Bug #65480	ndbmtd REDO log corruption
Submitted:	31 May 2012 22:10	Modified:	28 Jun 2016 16:12
Reporter:	Chris Brown	Email Updates:
Status:	Can't repeat	Impact on me:	None
Category:	MySQL Cluster: Cluster (NDB) storage engine	Severity:	S2 (Serious)
Version:	7.1.17	OS:	Linux (Fedora 12)
Assigned to:	MySQL Verification Team	CPU Architecture:	Any

Description:
ndbmtd fails to start and corrupts its REDO after a 'shutdown' is issued through ndb_mgm if ndbmtd is started before ndb_mgmd completely shuts down.

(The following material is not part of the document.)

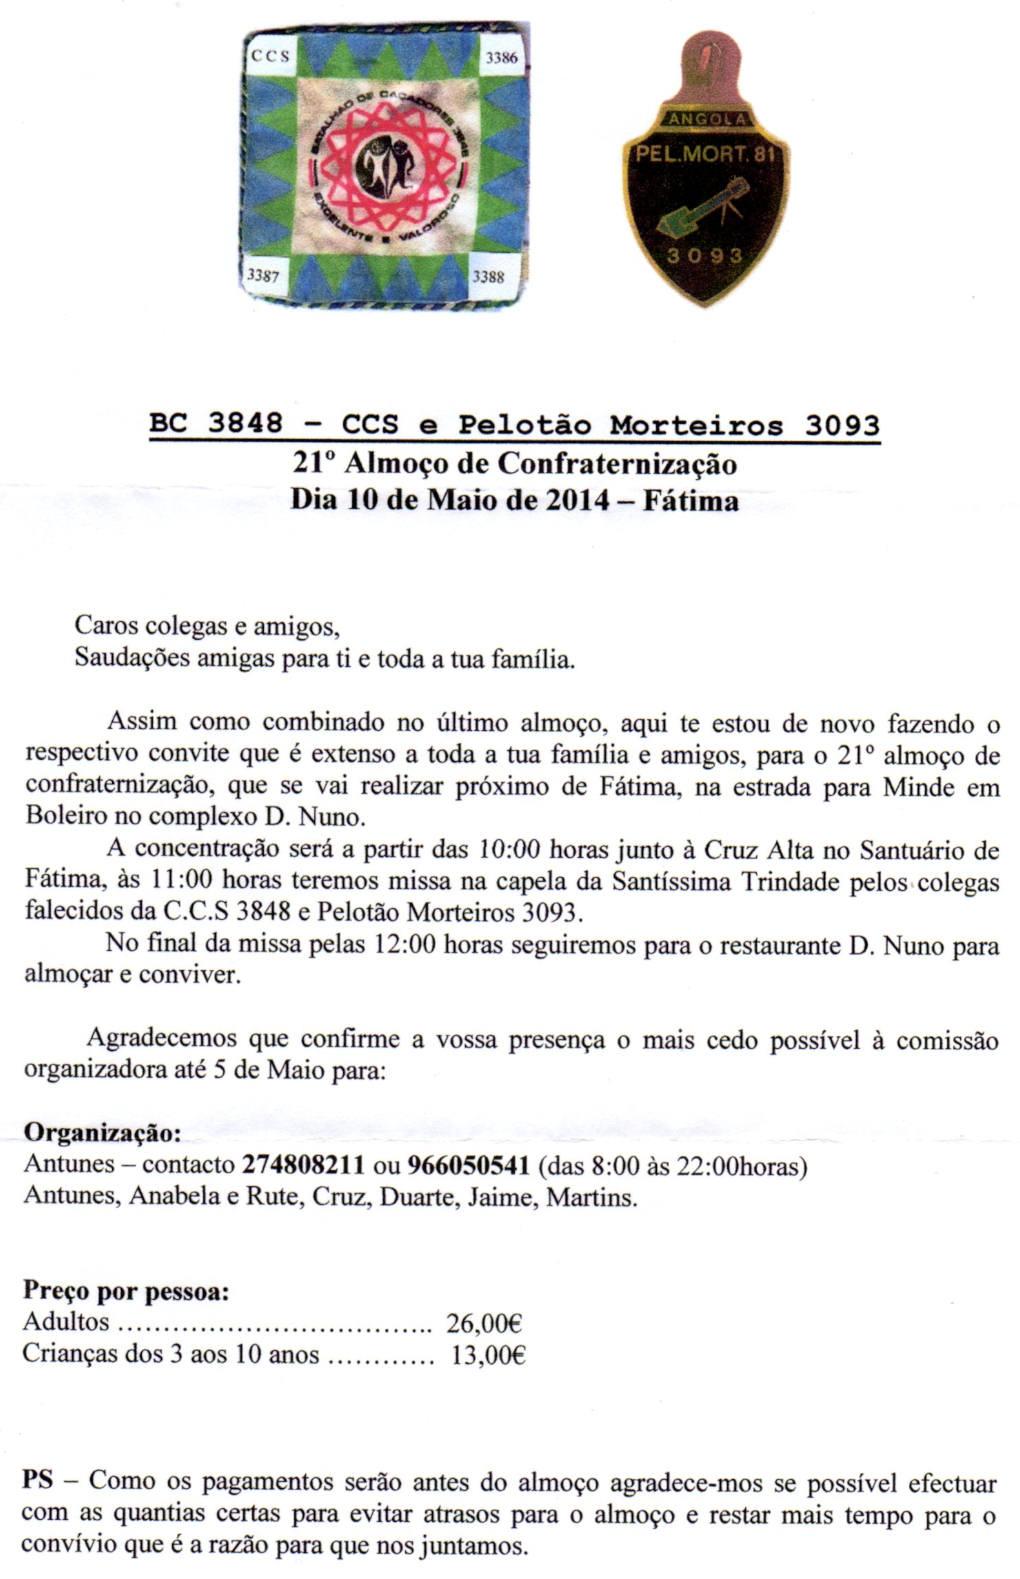 21.º Convívio da CCS/BCac3848 e PelMort3093 - Fátima - 10Mai2014 Bcac3810

The first error in the ndb_1_error.log is:

Status: Temporary error, restart node
Message: Internal program error (failed ndbrequire) (Internal error, programming error or missing error message, please report a bug)
Error: 2341
Error data: dblqh/DblqhMain.cpp
Error object: DBLQH (Line: 16932) 0x00000002
Program: /usr/sbin/ndbmtd

following errors:

Status: Ndbd file system error, restart node initial
Message: Error while reading the REDO log (Ndbd file system inconsistency error, please report a bug)
Error: 2310
Error data: Error while reading REDO log. from 18396
part: 1 D=9, F=0 Mb=0 FP=1 W1=1891 W2=1395549294 : Invalid logword gci: 2943
Error object: DBLQH (Line: 18444) 0x00000002
Program: /usr/sbin/ndbmtd

How to repeat:
1. configure and start using noOfReplicas=2, one ndbd node, and one inactive ndbd node, one ndb_mgmd.
2. issue 'ndb_mgm --execute shutdown'.
3. before ndb_mgmd has shut down (as soon as ndbmtd stops), start the new ndbmtd instance

Repro rate seems to be high (2/2 so far).

Workaround: allow ndb_mgmd to fully stop before starting ndbmtd, however once the REDO log is corrupted, ndbmtd does not appear recoverable (except from backup).

Sorry an amendment to the steps.  after step 1:

1a: change the cluster configuration so that the 'inactive' node has a new ip address.  (not sure if this is required)

cannot reproduce with 7.1.37 (nor 7.2.23)